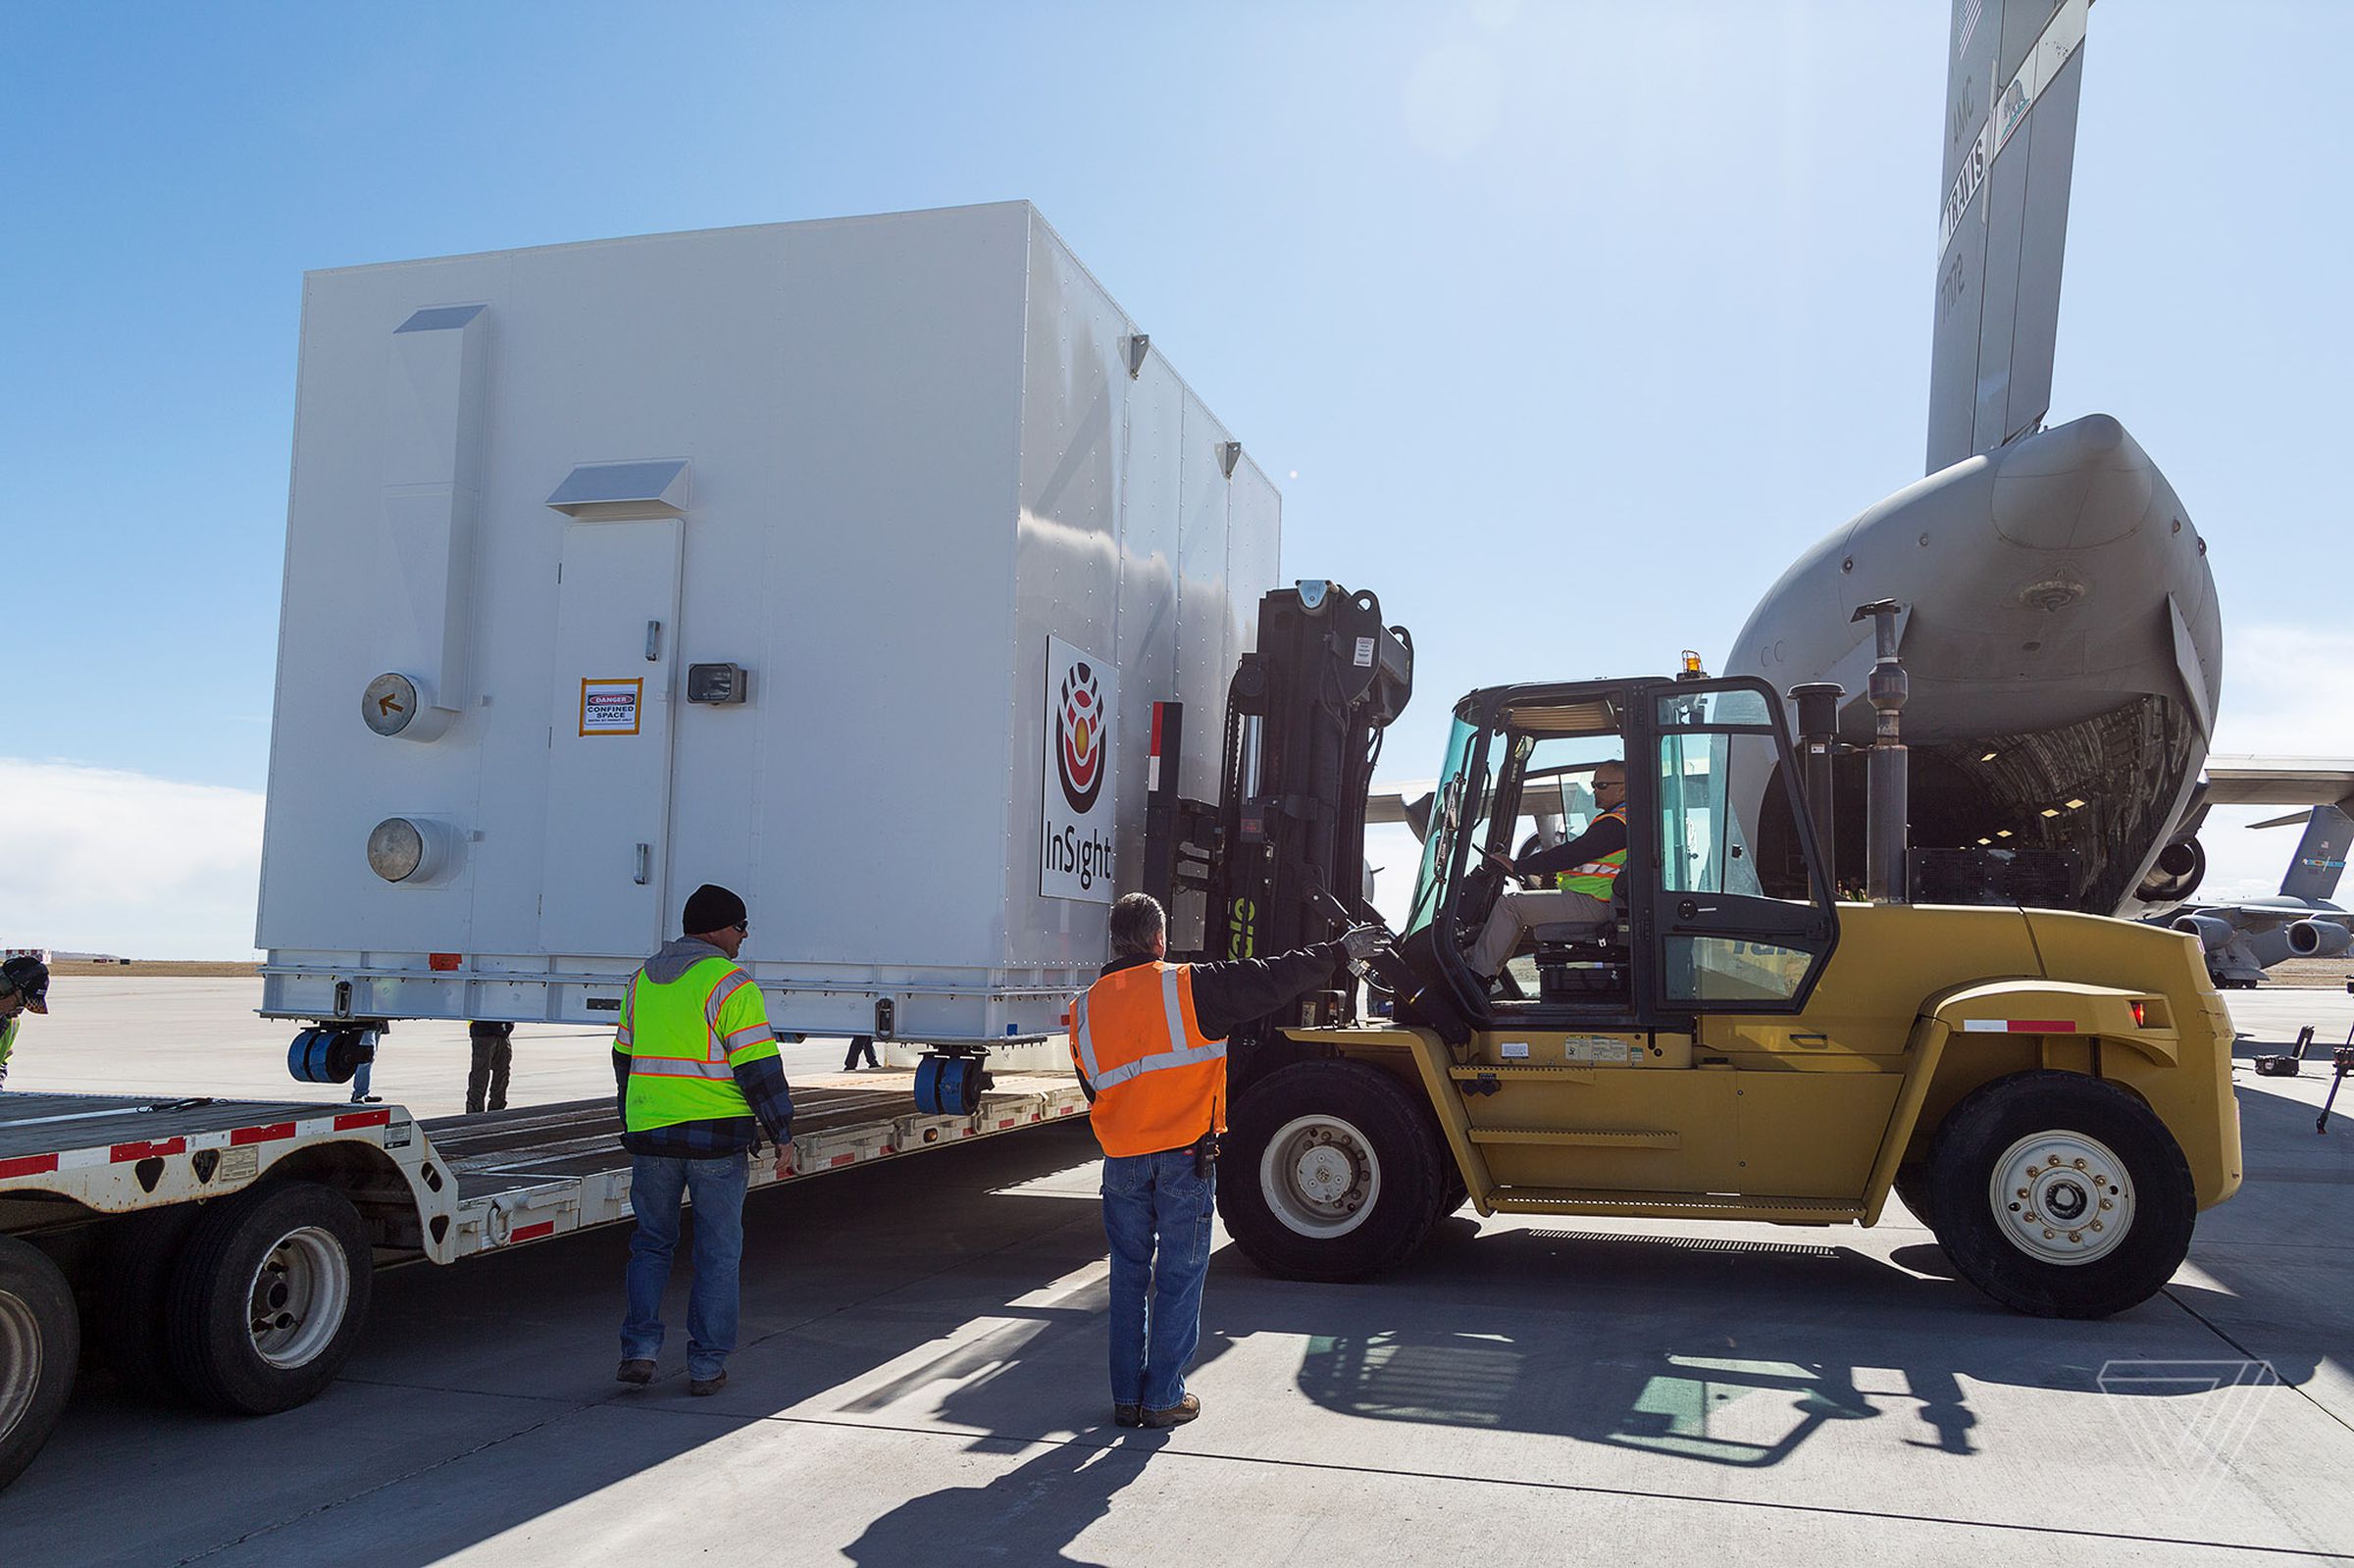 A forklift is used to move InSight’s container onto the ground
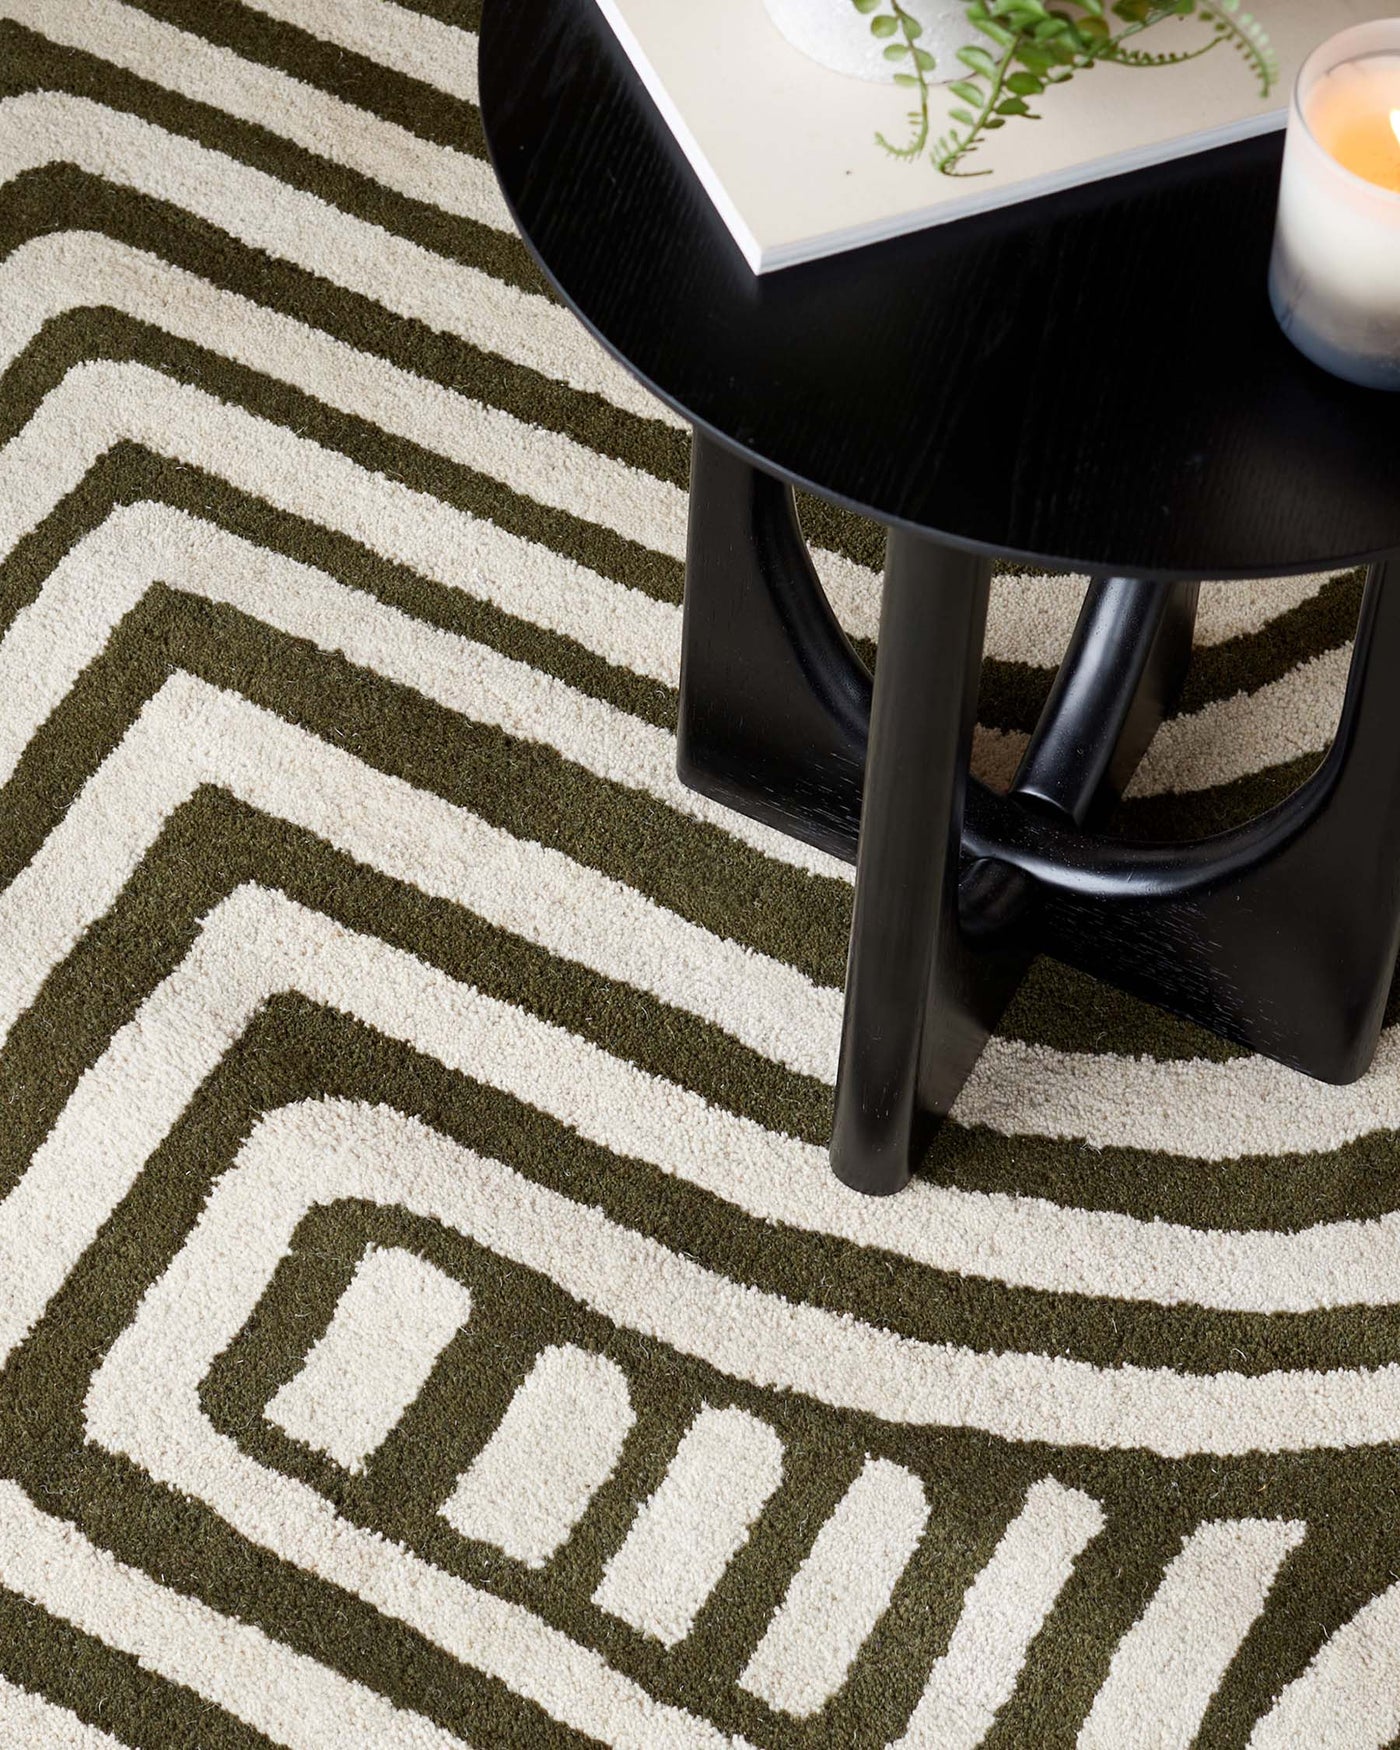 A contemporary black round side table with sleek legs, displayed on a geometric patterned area rug with green and cream stripes. The table holds a book and a small candle.
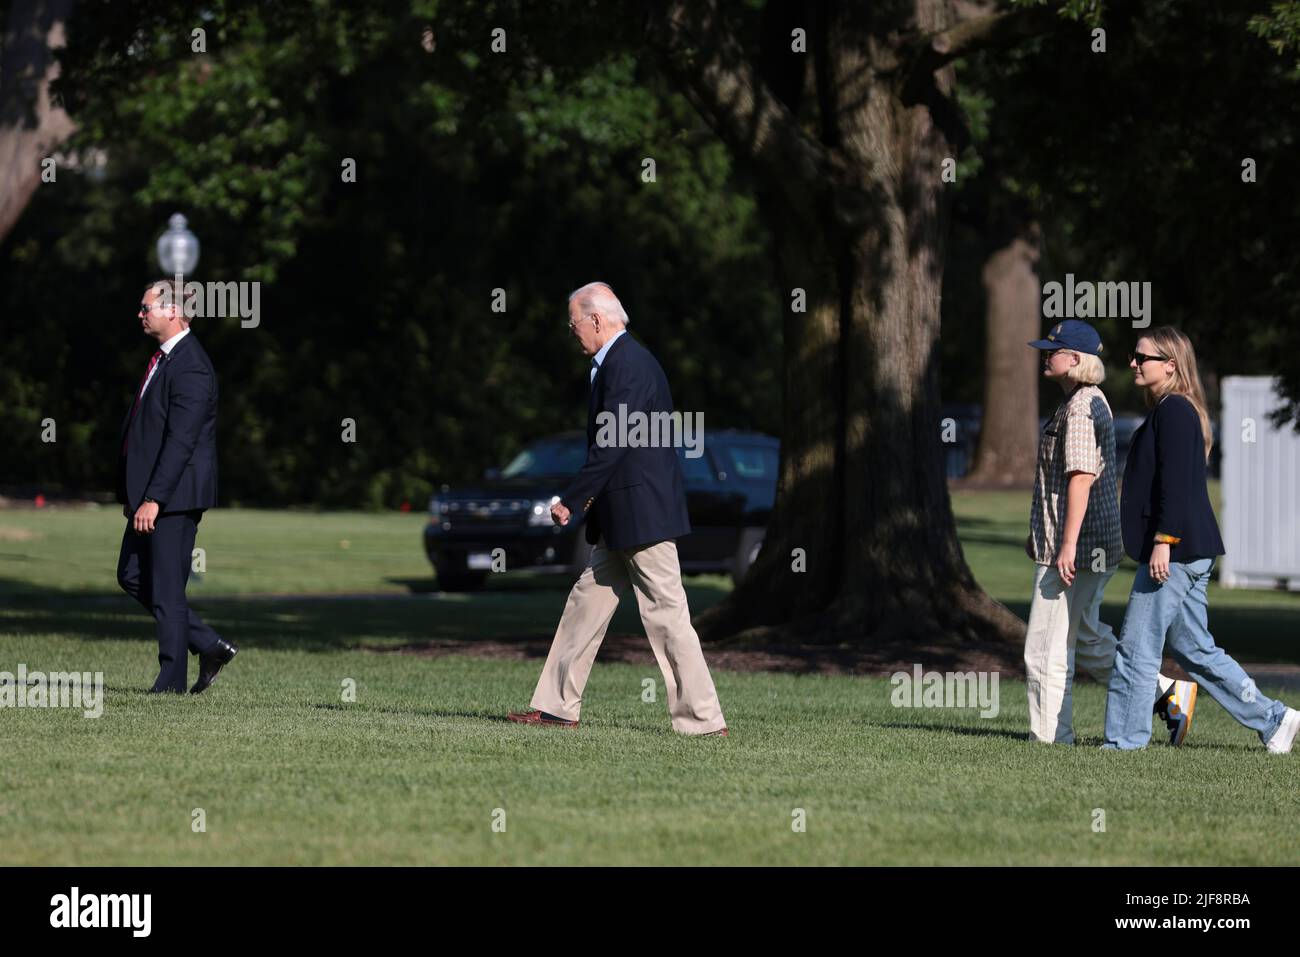 United States President Joe Biden, arrives on the South Lawn of the White House alongside his 2 granddaughters, Finnegan Biden and Maisy Biden, on June 30, 2022 in Washington, DC. Biden returned to Washington after attending summits in Germany and Spain.Credit: Oliver Contreras/Pool via CNP /MediaPunch Stock Photo
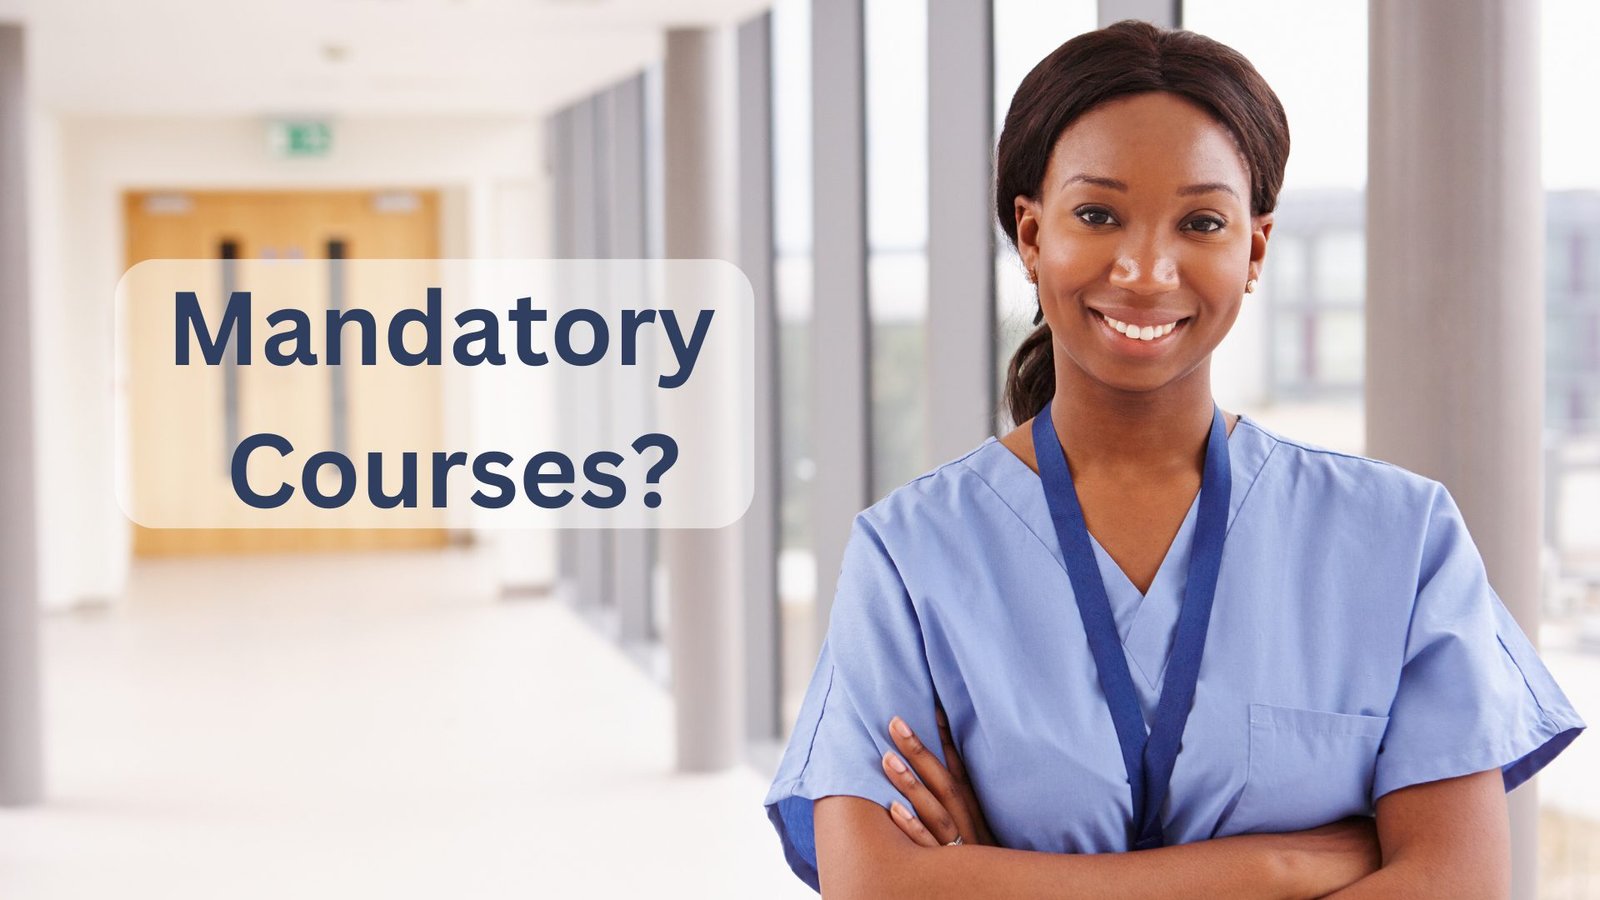 what are the mandatory courses in the healthcare industry

**Your assignment**
Give the listing above again in its entirety and exactly; do not include the pictures.

**Written answer**
 A forklift is used to move InSight’s container onto the ground
 A contemporary black round side table with sleek legs, displayed on a geometric patterned area rug with green and cream stripes. The table holds a book and a small candle.
 United States President Joe Biden, arrives on the South Lawn of the White House alongside his 2 granddaughters, Finnegan Biden and Maisy Biden, on June 30, 2022 in Washington, DC. Biden returned to Washington after attending summits in Germany and Spain.Credit: Oliver Contreras/Pool via CNP /MediaPunch Stock Photo
 what are the mandatory courses in the healthcare industry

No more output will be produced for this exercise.